**Exercise brief:** With images removed, return the whole listing exactly as written.

**Dataset section:**
_ _ _ _ _
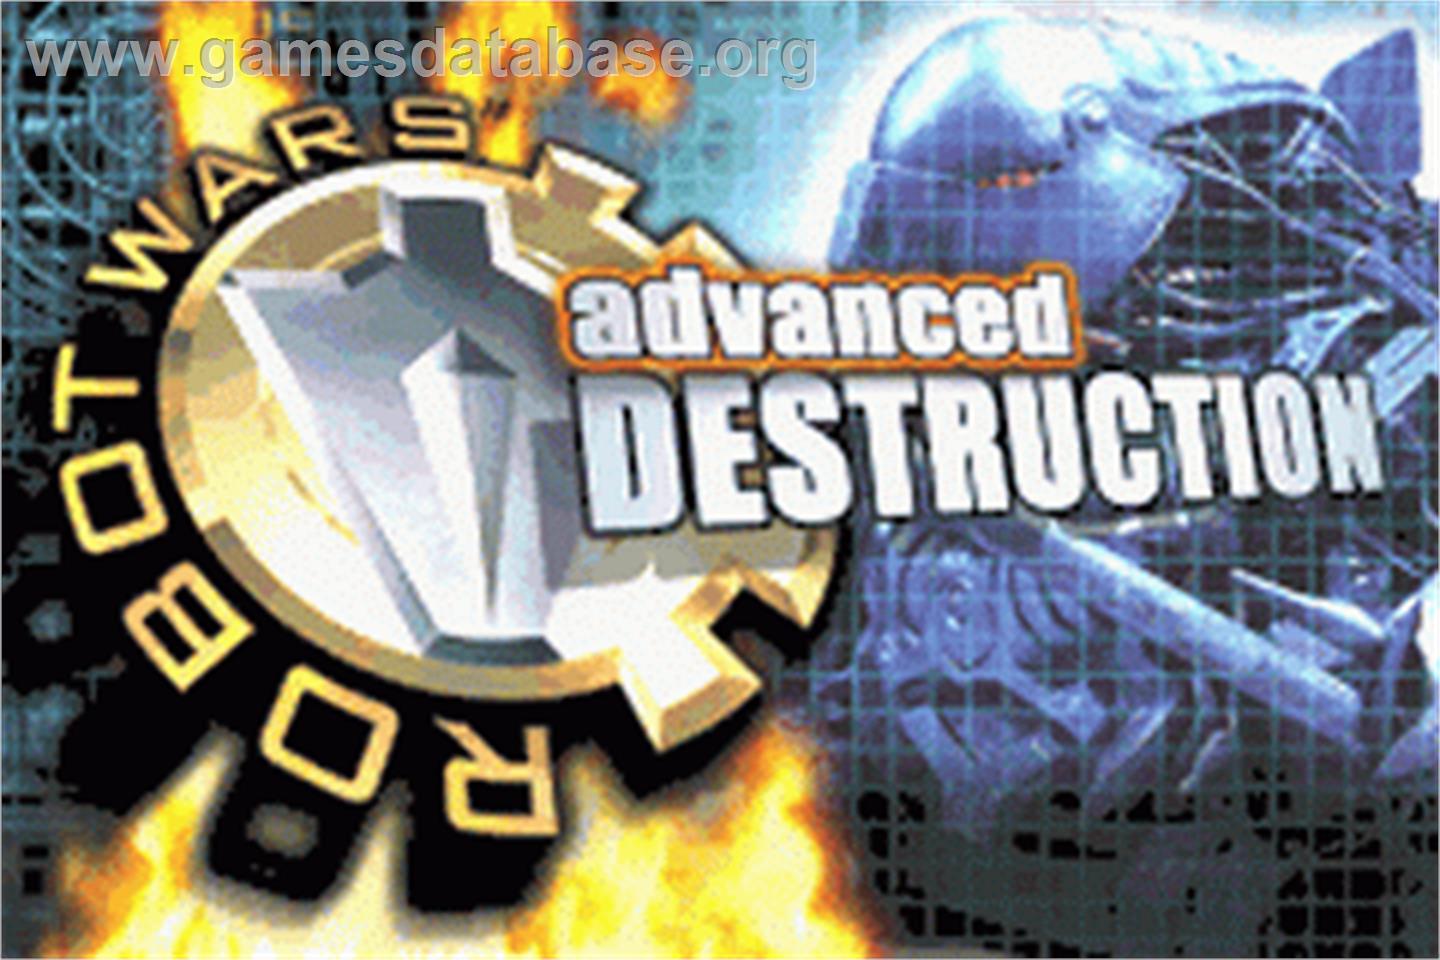 Robot Wars: Advanced Destruction - Nintendo Game Boy Advance - Artwork - Title Screen
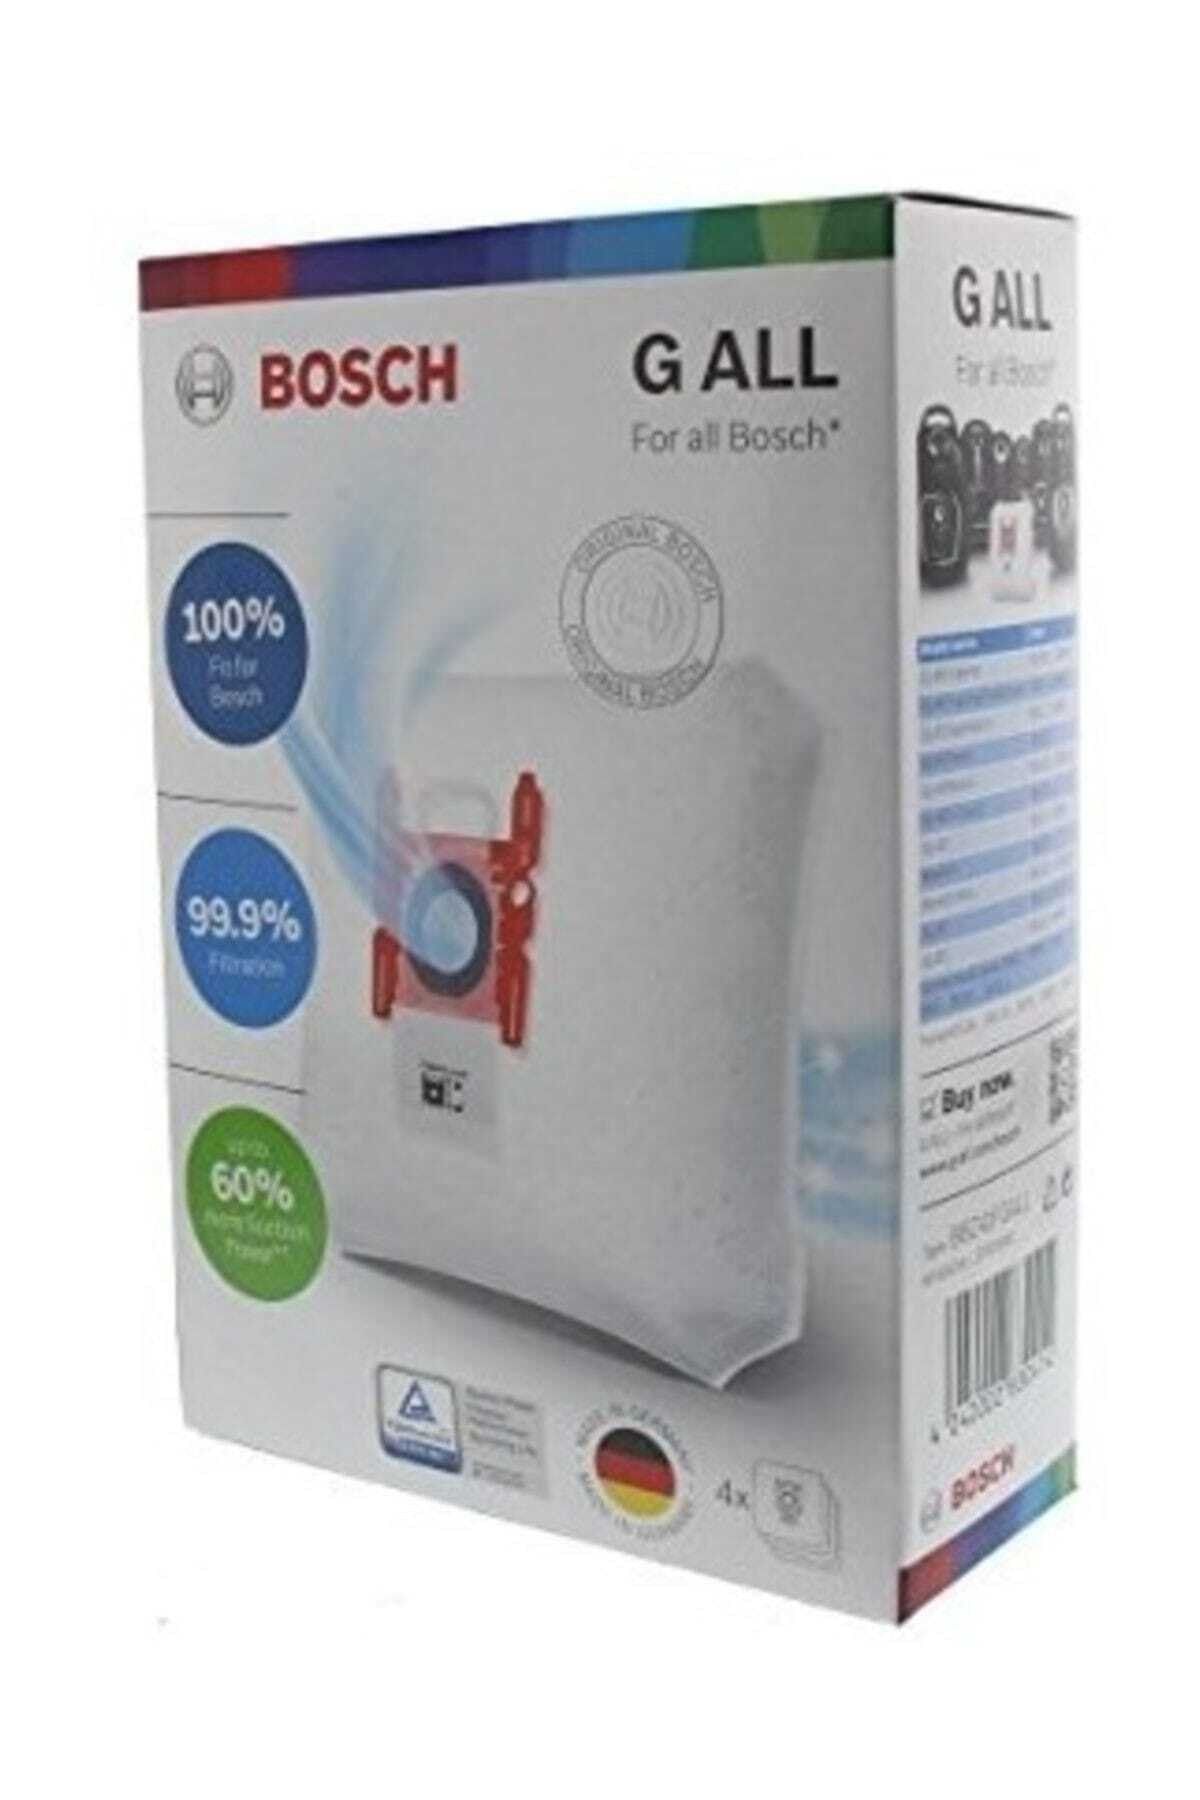 Bosch Type G ALL BBZ41FGALL 4 Adet Toz Torbası
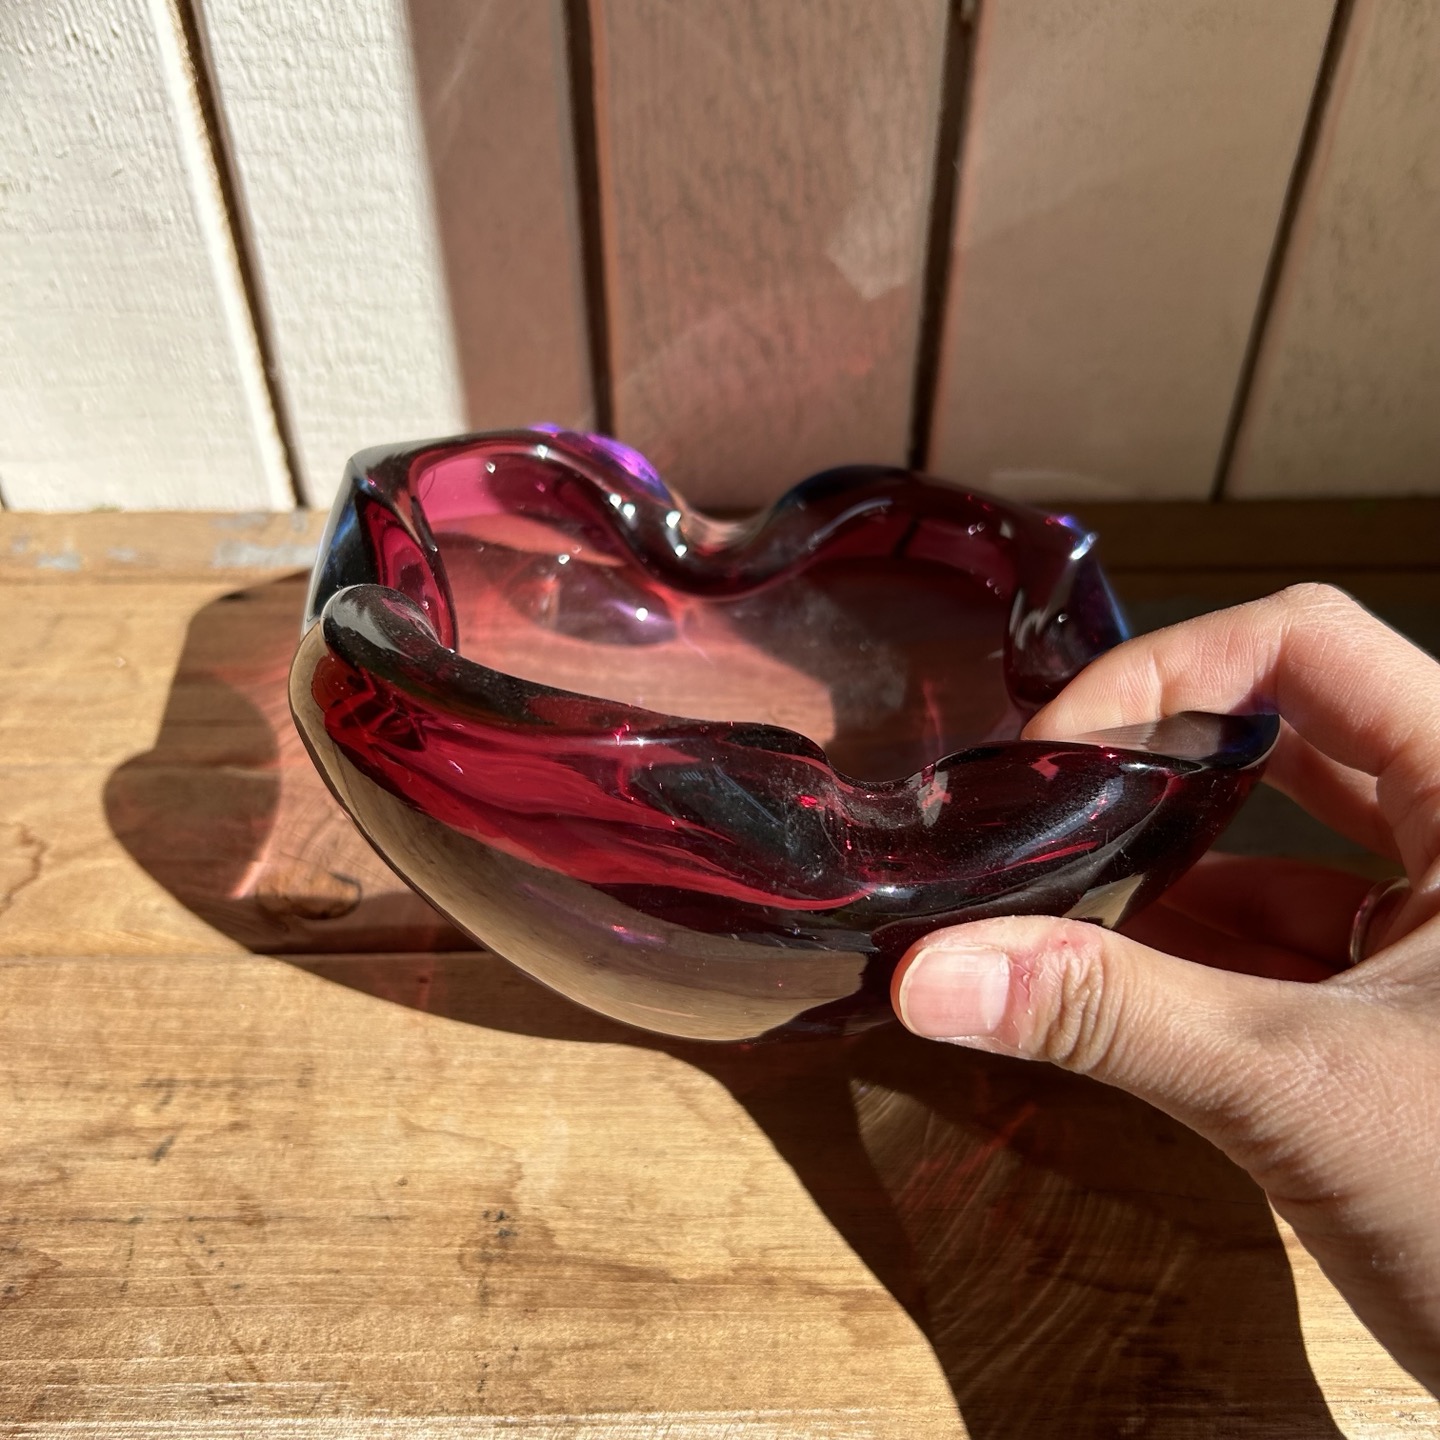 Vintage Glass Bowl
_ _ _ _ _
**Solution for this exercise:**
 Robot Wars: Advanced Destruction - Nintendo Game Boy Advance - Artwork - Title Screen
 Bosch Type G ALL BBZ41FGALL 4 Adet Toz Torbası
 Vintage Glass Bowl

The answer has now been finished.